*** Opening of COLLECTED DATA ***

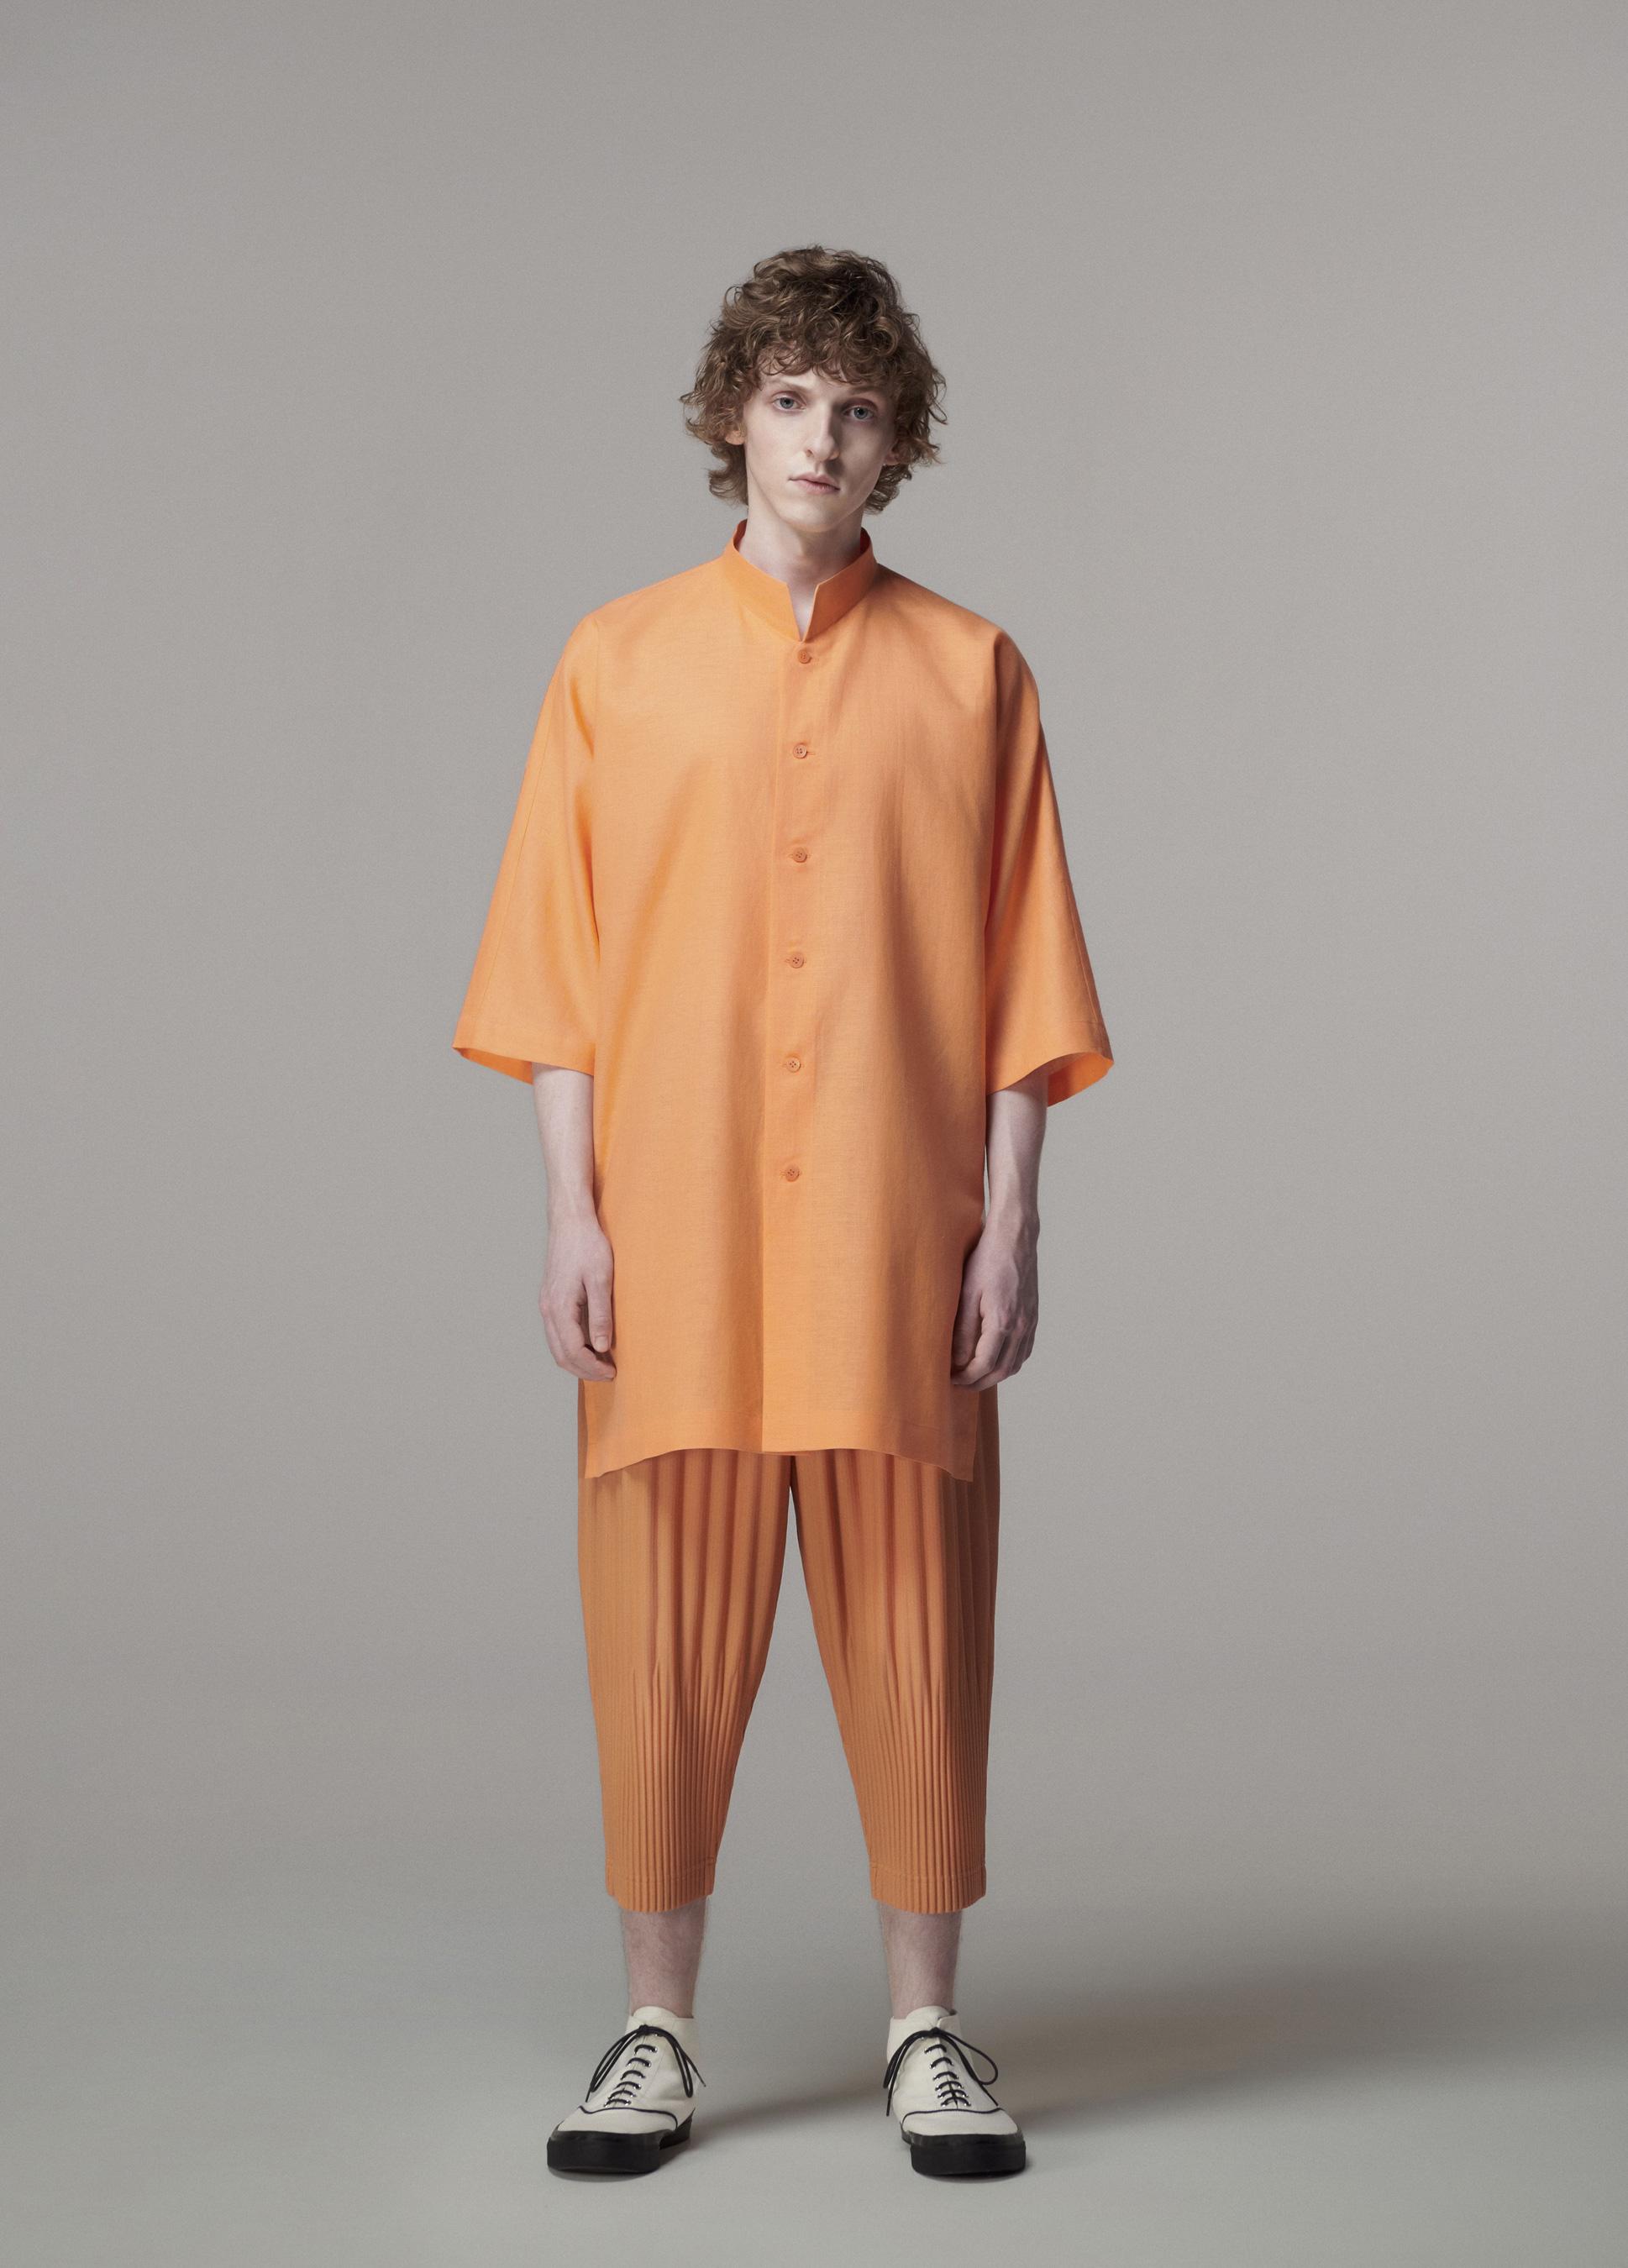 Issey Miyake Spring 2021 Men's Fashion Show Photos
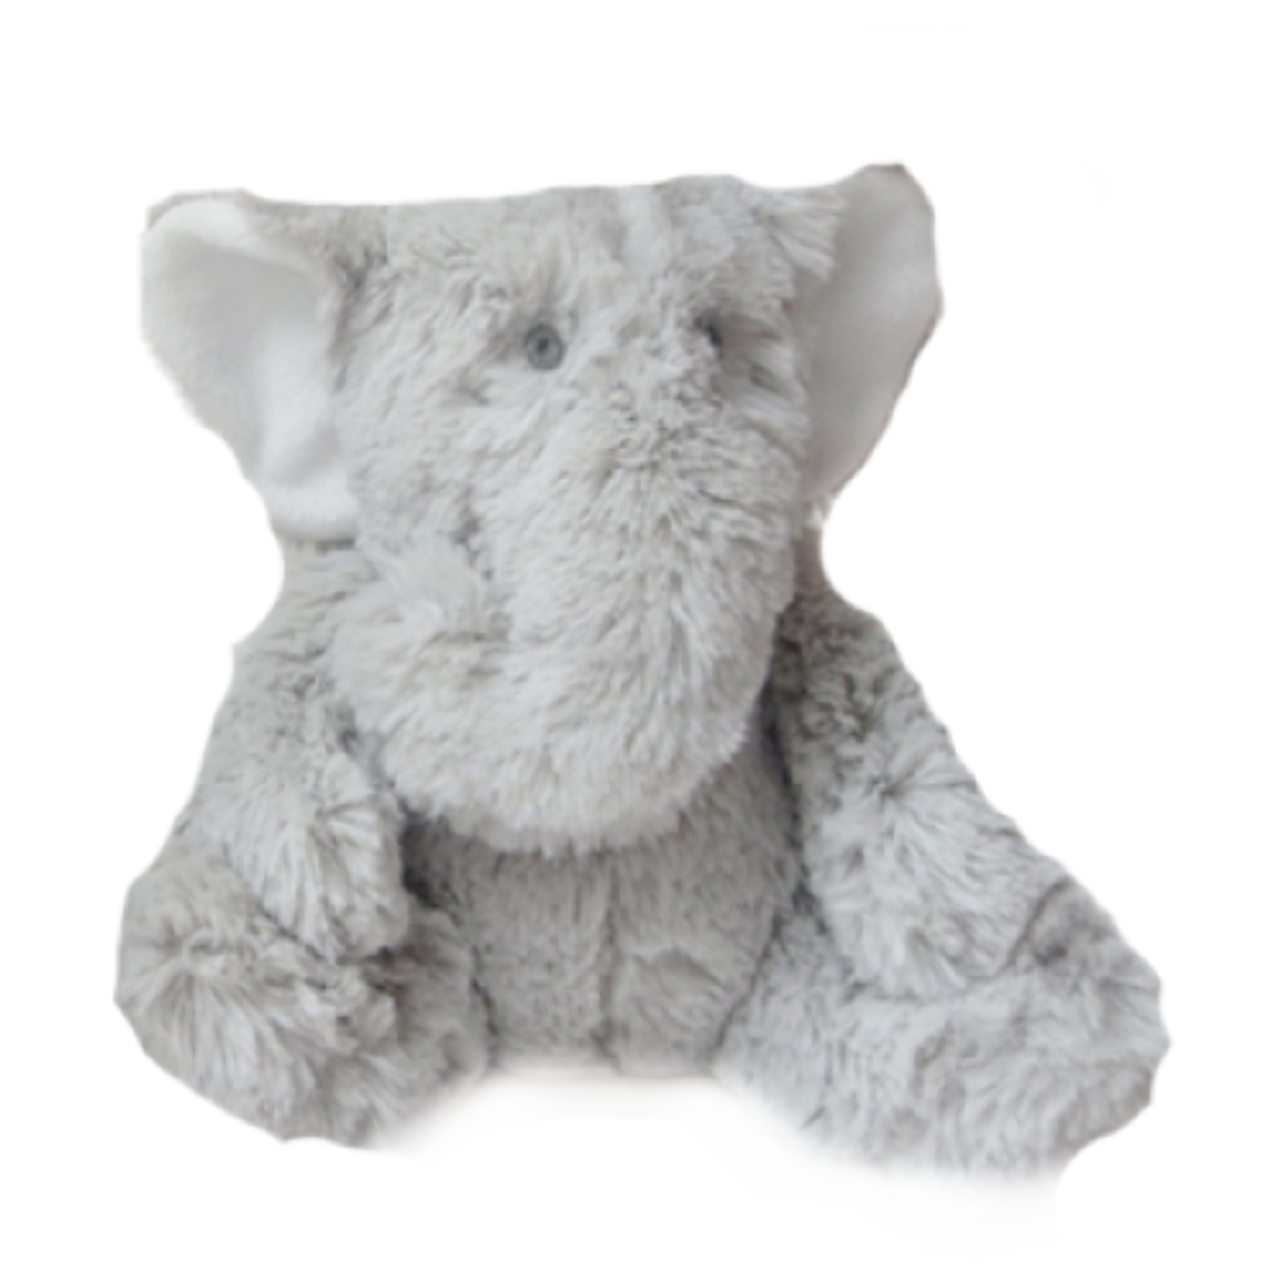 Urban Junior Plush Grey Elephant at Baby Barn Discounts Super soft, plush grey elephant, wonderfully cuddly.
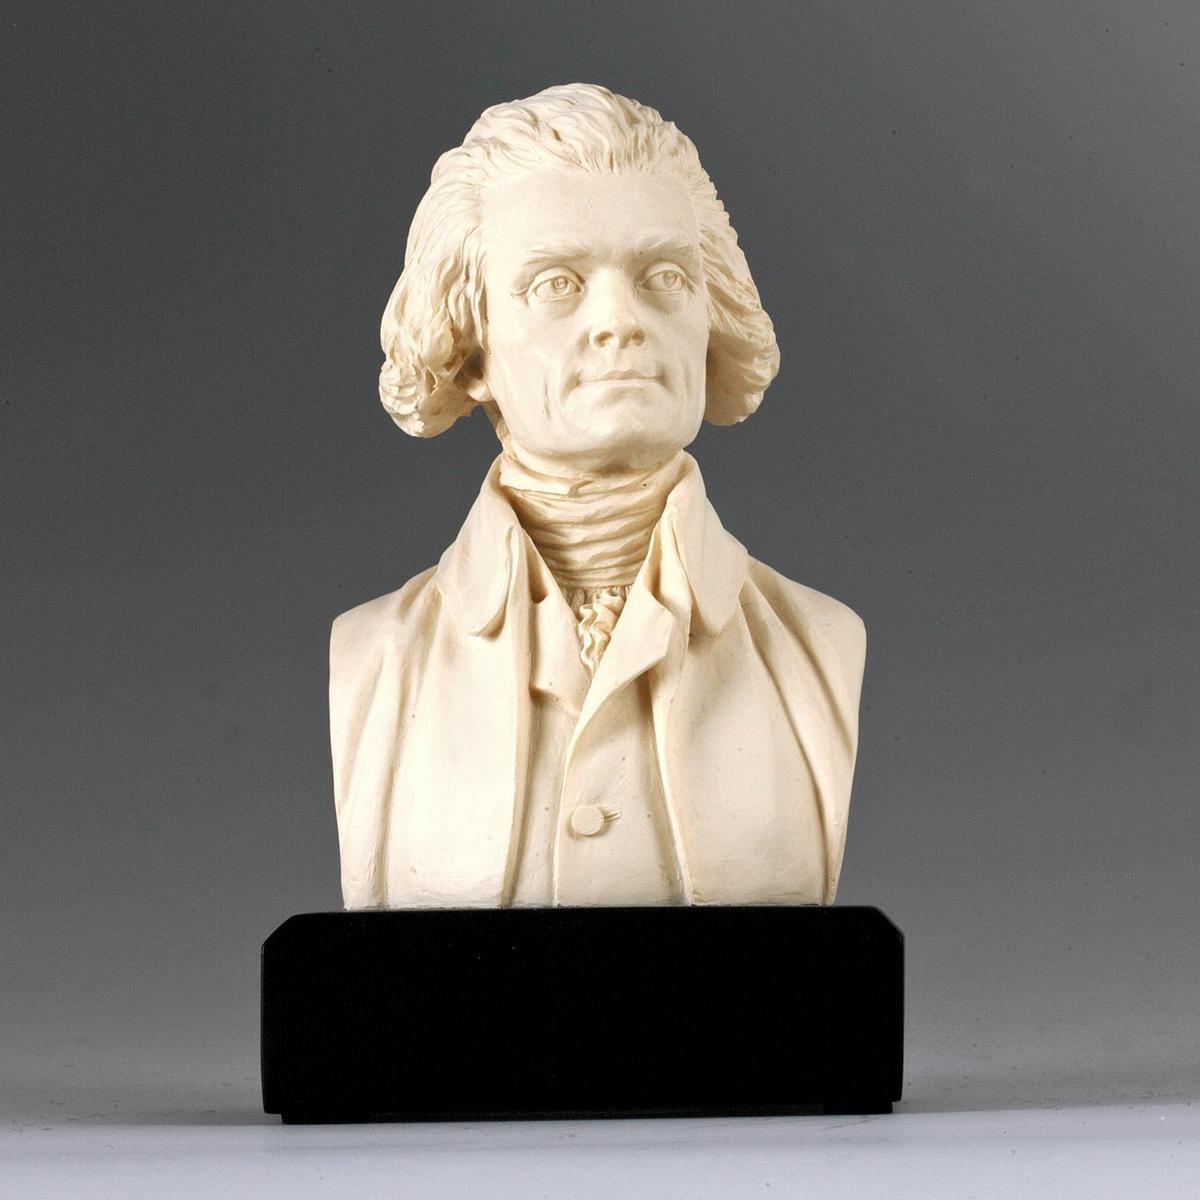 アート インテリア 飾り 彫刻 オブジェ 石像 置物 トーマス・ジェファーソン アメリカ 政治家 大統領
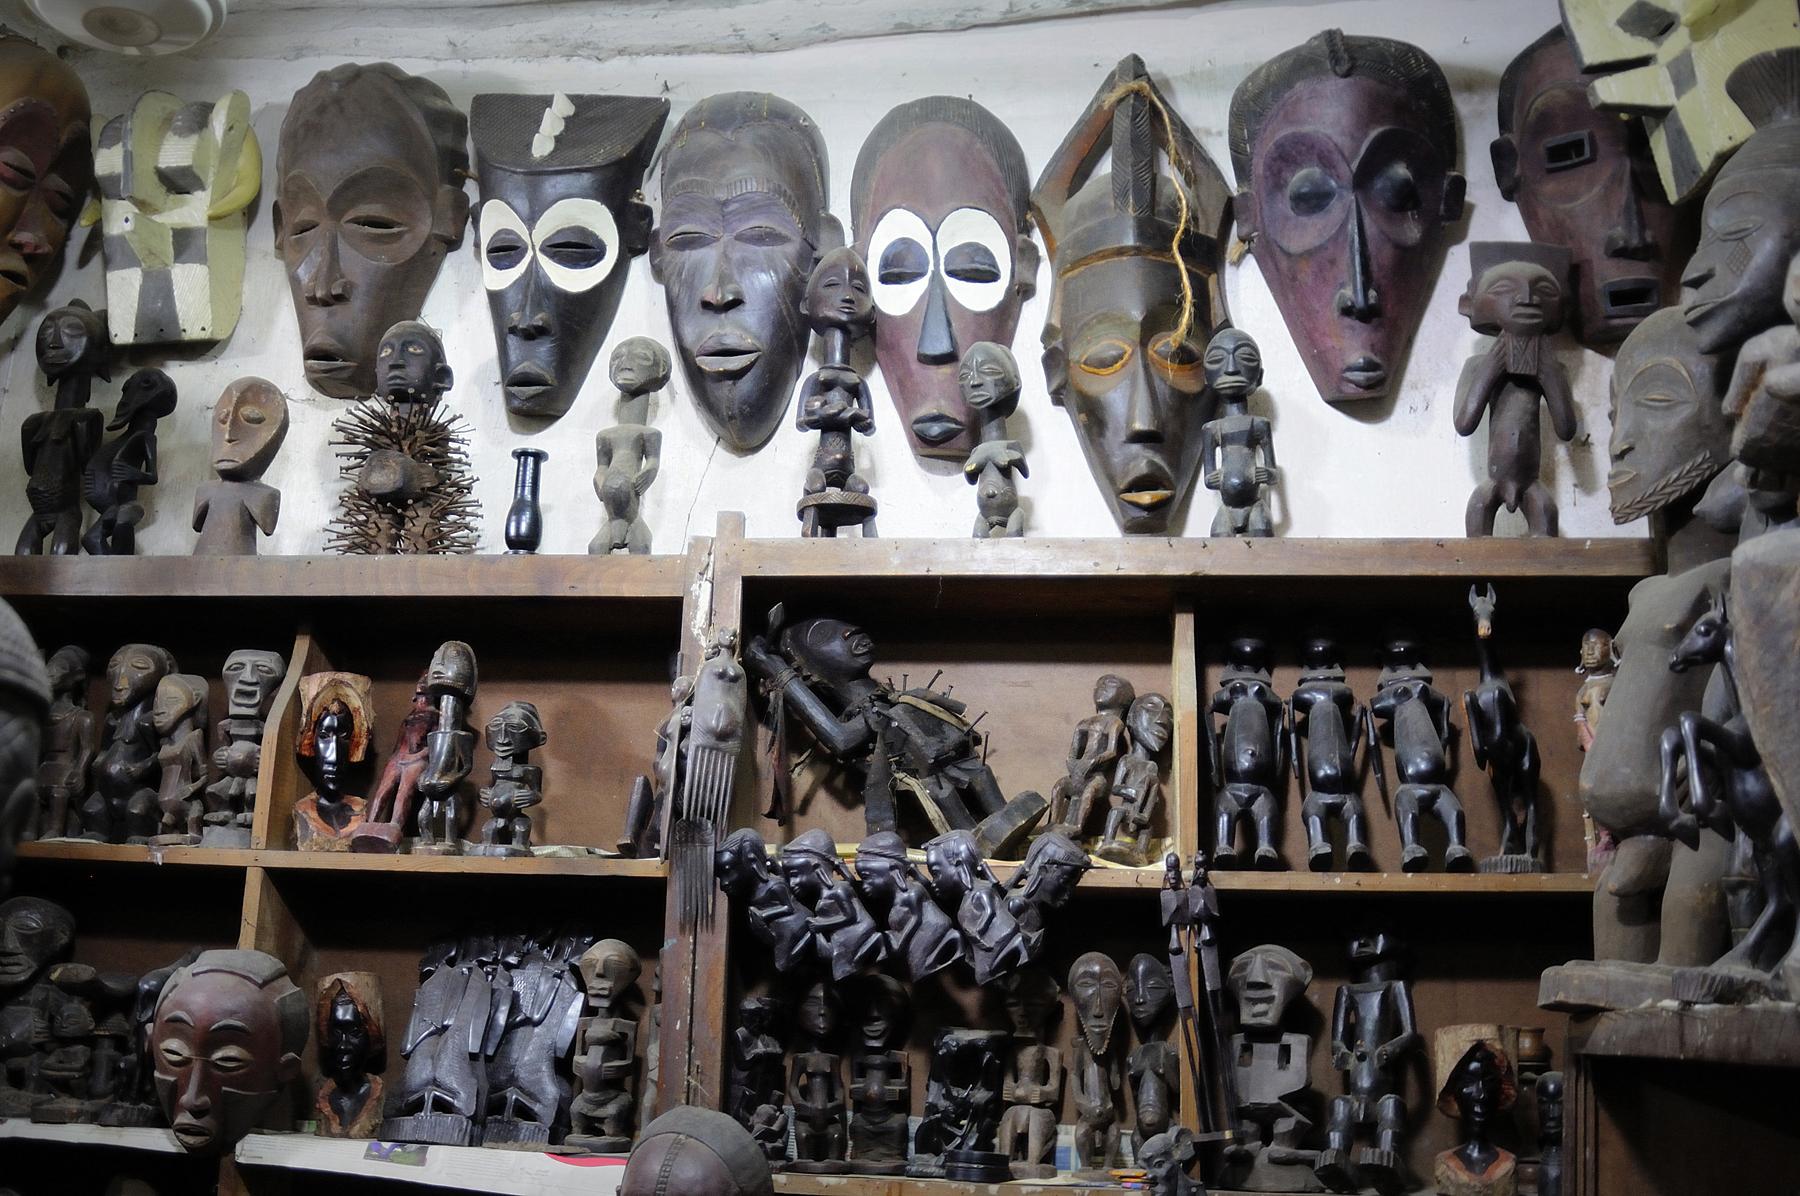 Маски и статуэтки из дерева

*** Close of COLLECTED DATA ***

The task calls for repeating each line above exactly while excluding the pictures.

RESPONSE FOR THIS EXERCISE:
 Issey Miyake Spring 2021 Men's Fashion Show Photos
 Urban Junior Plush Grey Elephant at Baby Barn Discounts Super soft, plush grey elephant, wonderfully cuddly.
 アート インテリア 飾り 彫刻 オブジェ 石像 置物 トーマス・ジェファーソン アメリカ 政治家 大統領
 Маски и статуэтки из дерева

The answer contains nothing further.